Required action: Write the listing out again exactly as it stands, with no images.

Data excerpt:
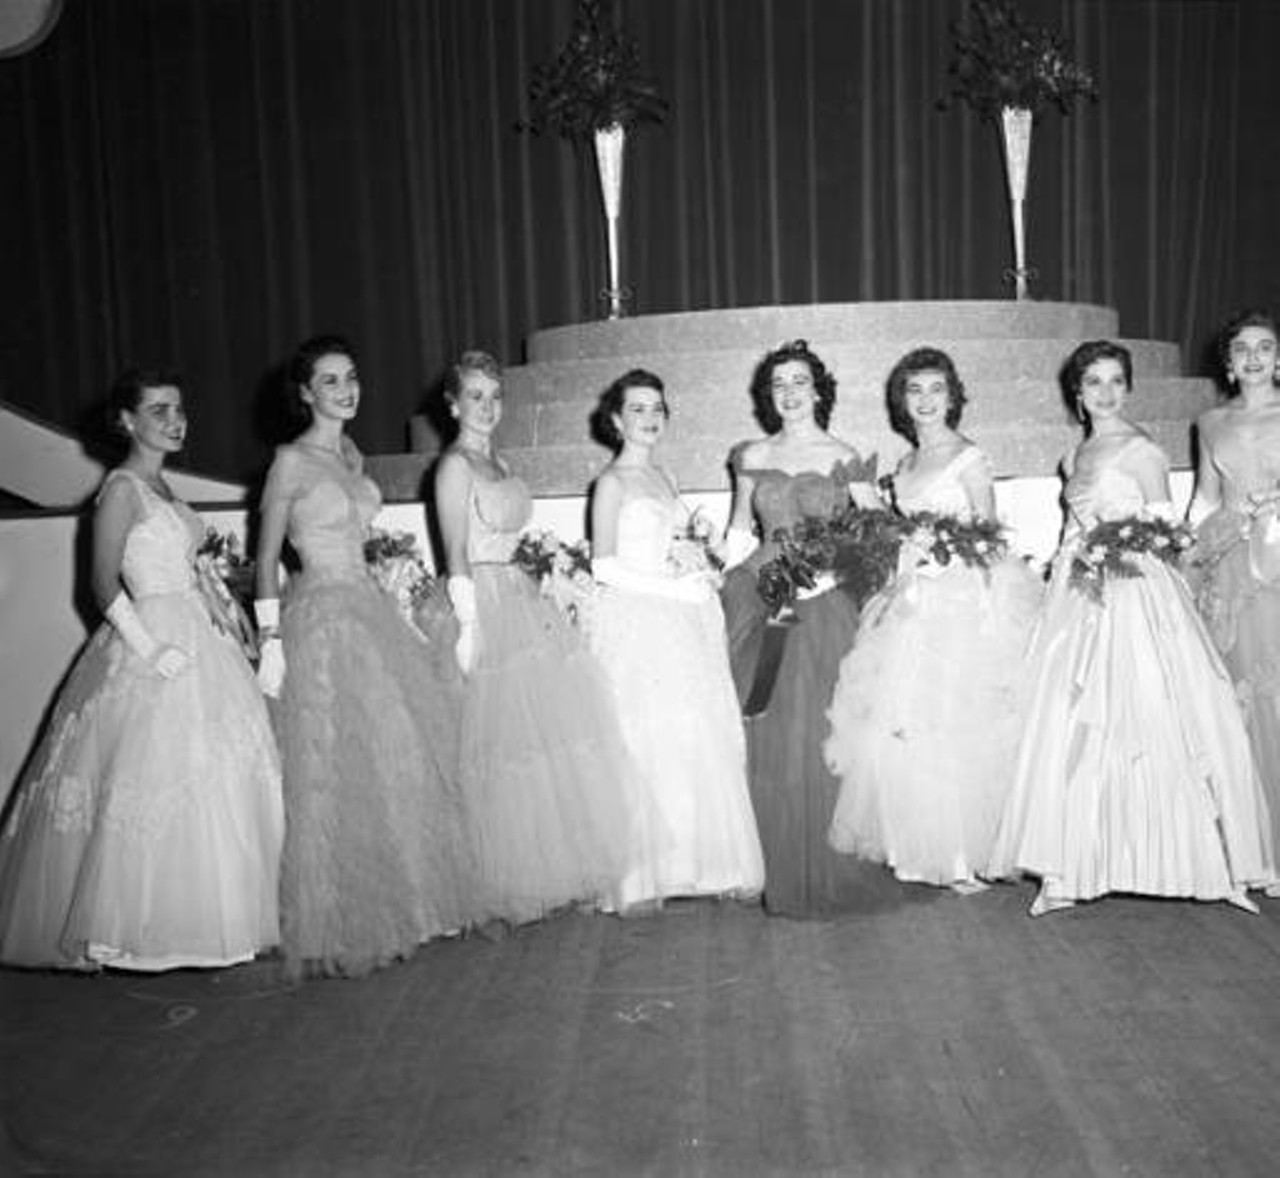 Miss Fiesta Presentation and Ball, 1955
Miss Fiesta dates back to the late 1940s. The title of Miss Fiesta appeared among the other Fiesta royalty with the invention of Fiesta Flambeau.
Photo via Zintgraff Studio Photo Collection

Response area:
 Miss Fiesta Presentation and Ball, 1955
Miss Fiesta dates back to the late 1940s. The title of Miss Fiesta appeared among the other Fiesta royalty with the invention of Fiesta Flambeau.
Photo via Zintgraff Studio Photo Collection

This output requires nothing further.